Nos régions seraient trop petites par rapport à celles de nos voisins européens ? La population moyenne de nos 21 régions métropolitaines (la Corse exclue) est de 2,9 millions d’habitants ; celle des 20 régions italiennes de 2,9 millions aussi. Celle des 17 communautés  espagnoles de 2,5 millions.
Reste l’Allemagne : en moyenne, ses 15 länder ont 5 millions d’habitants, mais comme ils sont très inégaux, sait-on que 8 sur 15 sont plus petits que la moyenne française ? Et si l’on ne considère que les 6 länder de l’ancienne Allemagne de l’Est, découpés après la réunification, leur moyenne est de 2,5 millions seulement.  
On peut aller plus loin : aux Etats-Unis, 20 Etats sur 50 ont moins de 3 millions d’habitants sans qu’il soit question de regrouper quoi que ce soit !

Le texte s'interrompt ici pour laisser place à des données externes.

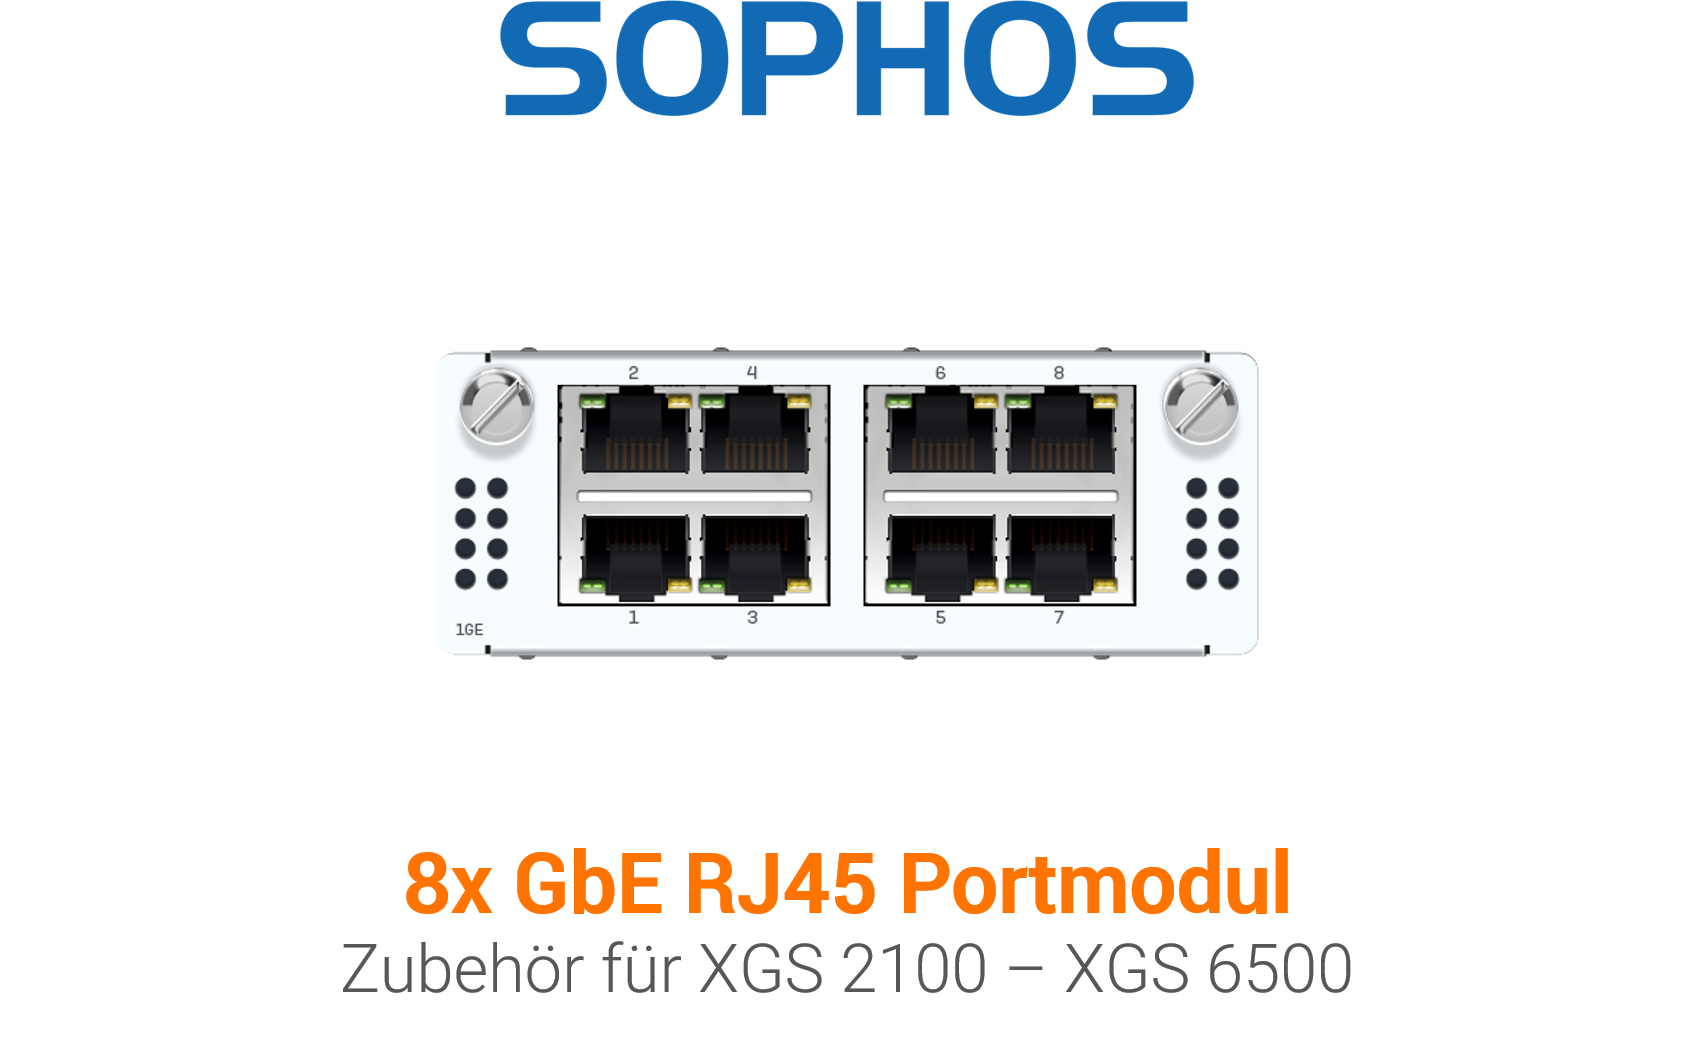 Sophos 8x GbE RJ45 Portmodul

La France aurait surabondance de niveaux administratifs ?
Le fameux "millefeuille français" répété en boucle depuis 25 ans sans que personne, apparemment, ne se soit avisé d’aller voir ailleurs !
La vérité : l’Allemagne, l’Italie, l’Espagne ont, comme nous, des conseils locaux élus sur trois niveaux : un landstag, un conseil régional ou de communauté, un conseil de district (kreis) ou provincial, et des conseils municipaux. Seule particularité française : nos conseils communautaires qui ont pris de l’importance très récemment aux dépens des conseils municipaux sans être arrivé (et heureusement !) à s’y substituer. Cette complication, la seule  résulte de la loi Joxe de 1992 qui visait… à simplifier ! 
Quant à  l’Angleterre, elle a 4 niveaux (régions, comtés, districts, paroisses) mais la région rajoutée par Tony Blair est embryonnaire et la paroisse résiduelle : seuls comptent les 148 bourgs (urbains) ou comtés (ruraux), sensiblement plus nombreux, on le voit, que nos départements.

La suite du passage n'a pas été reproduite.